● Assignment: All of the lines below are to be transcribed faithfully, with pictures excluded from the copy.
Start of Supplied material
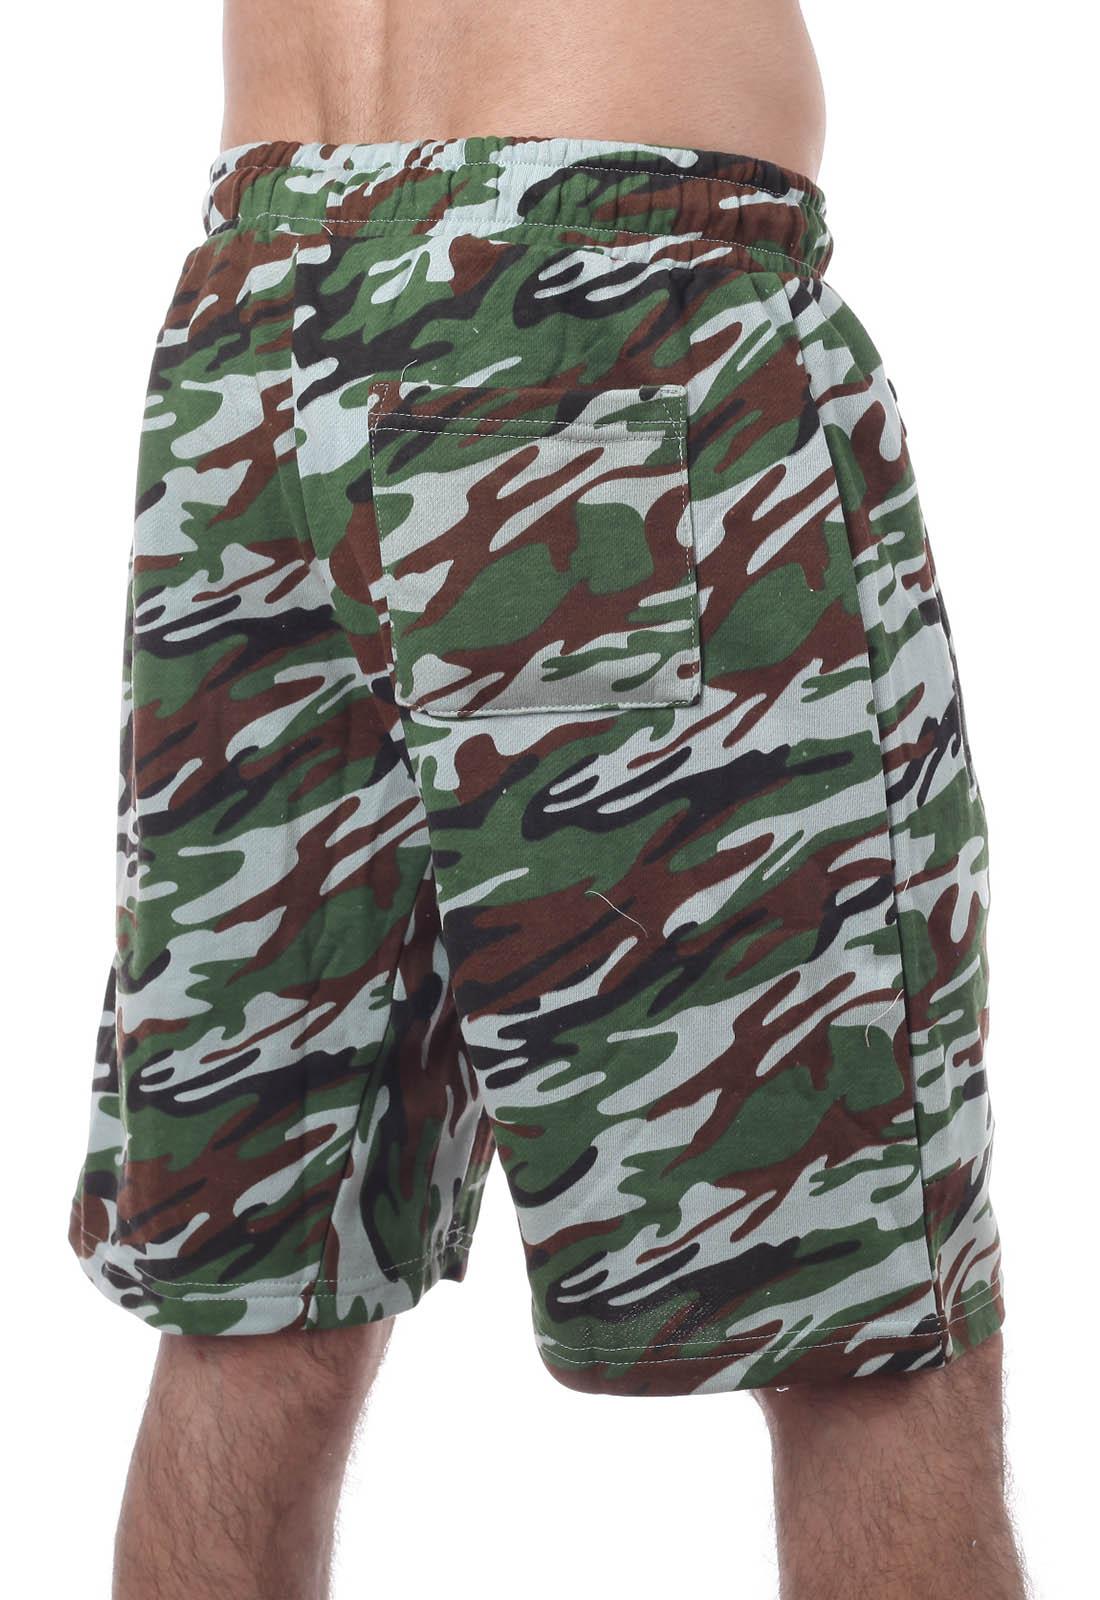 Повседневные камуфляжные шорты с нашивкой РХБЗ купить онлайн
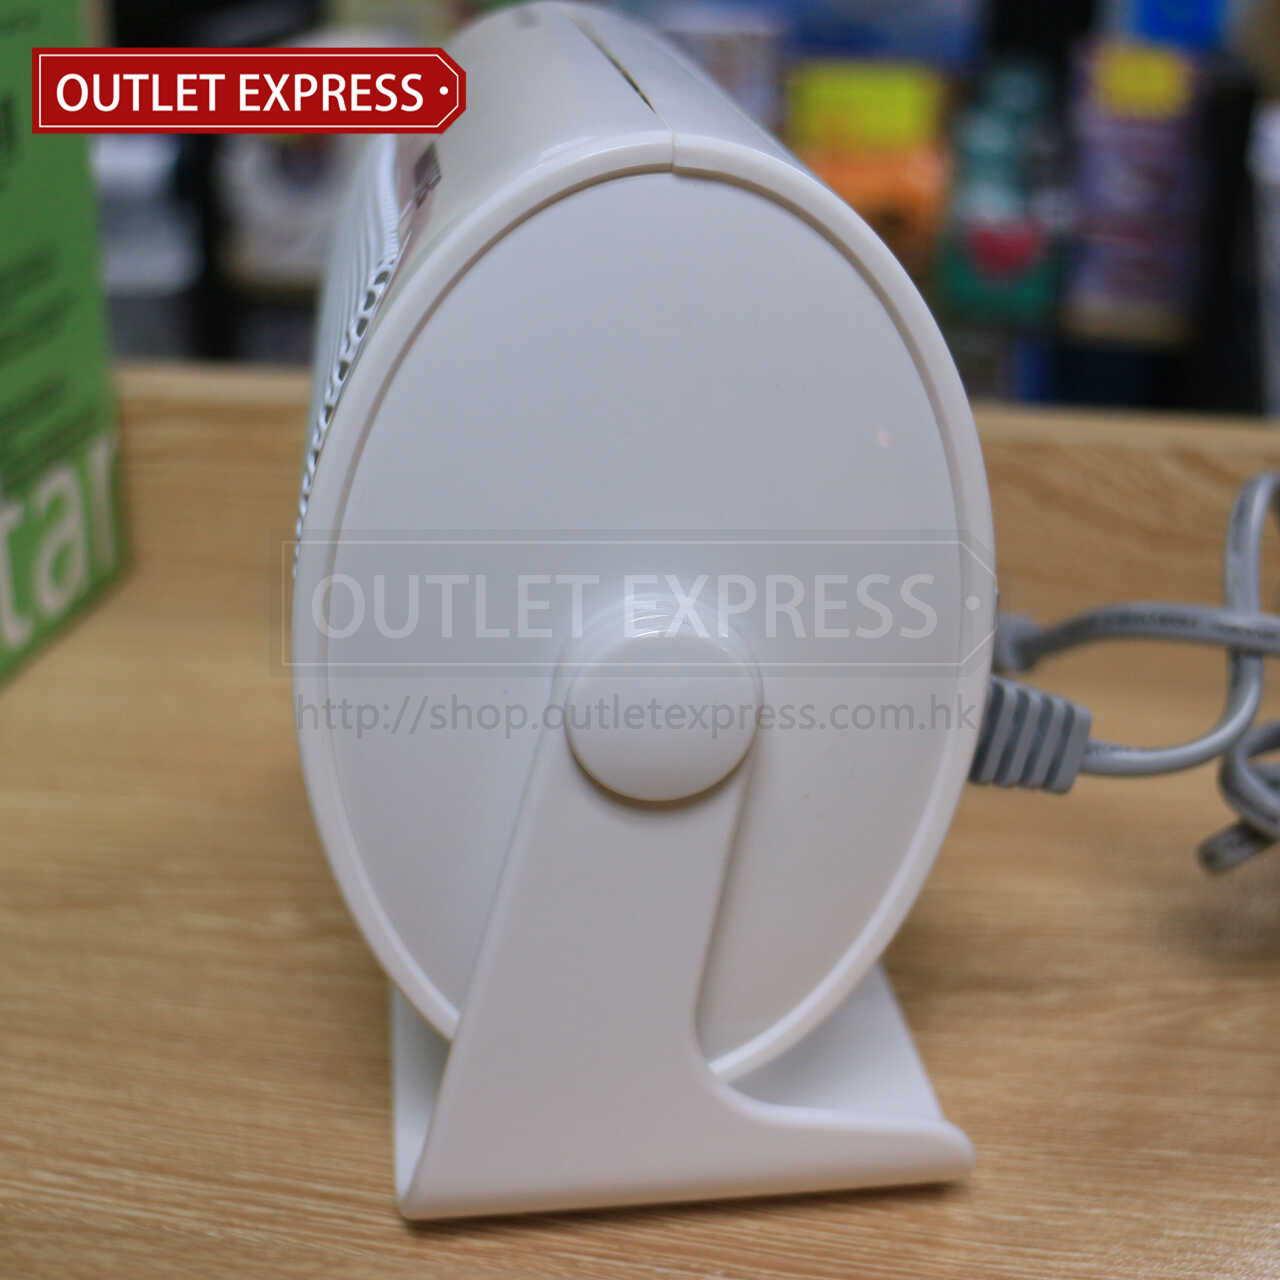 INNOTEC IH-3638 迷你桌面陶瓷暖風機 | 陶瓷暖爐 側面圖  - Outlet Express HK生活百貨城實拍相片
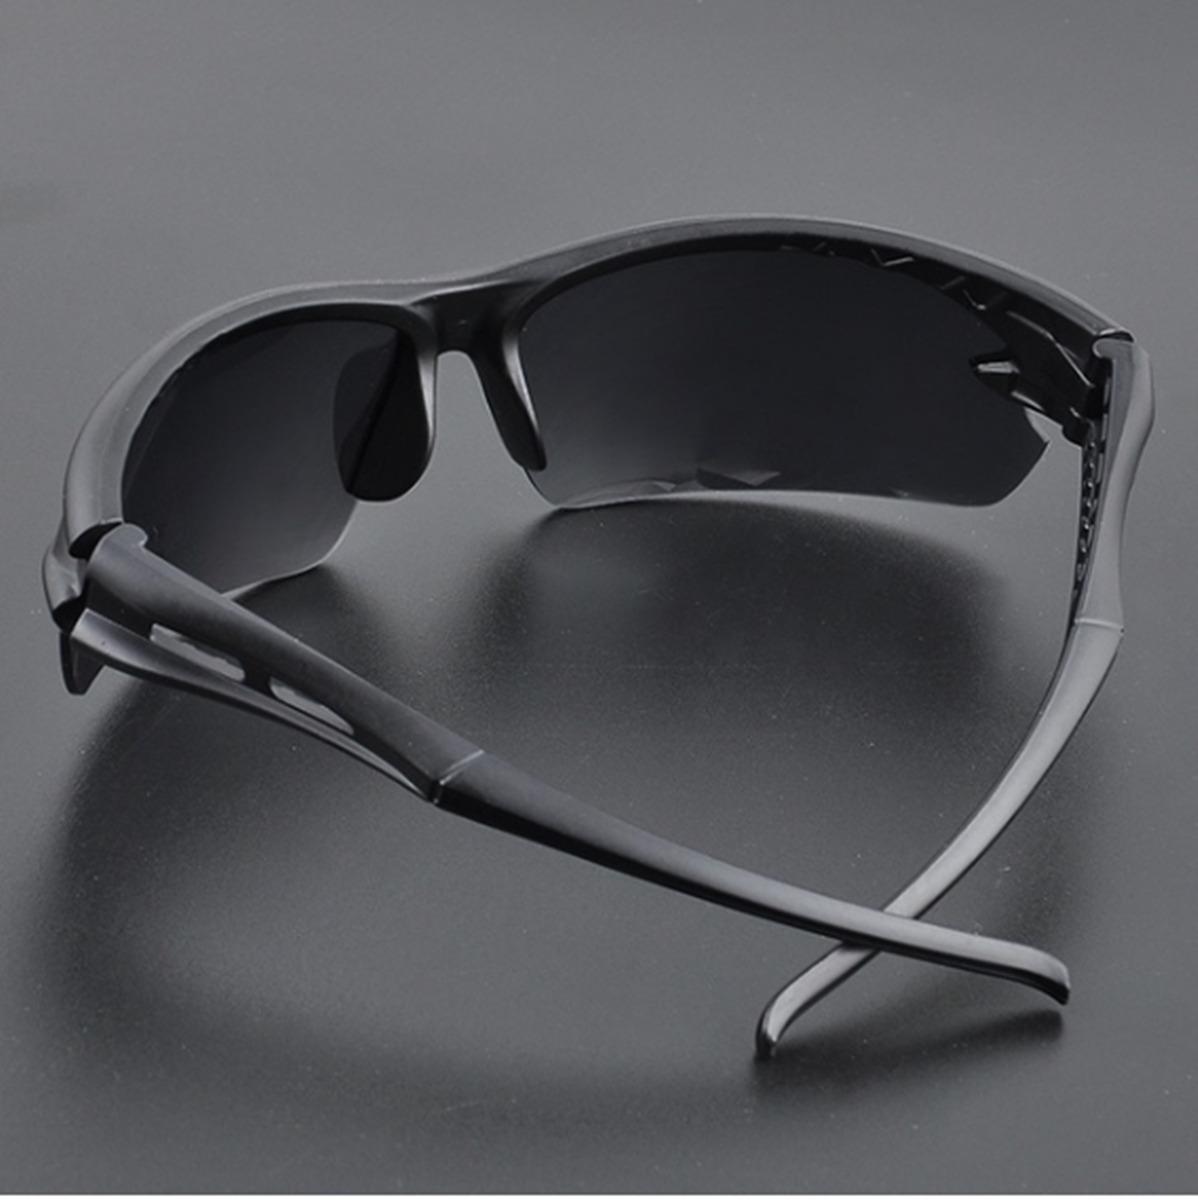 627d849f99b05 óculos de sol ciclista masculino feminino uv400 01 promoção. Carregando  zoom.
End of Supplied material
● Result:
 Повседневные камуфляжные шорты с нашивкой РХБЗ купить онлайн
 INNOTEC IH-3638 迷你桌面陶瓷暖風機 | 陶瓷暖爐 側面圖  - Outlet Express HK生活百貨城實拍相片
 627d849f99b05 óculos de sol ciclista masculino feminino uv400 01 promoção. Carregando  zoom.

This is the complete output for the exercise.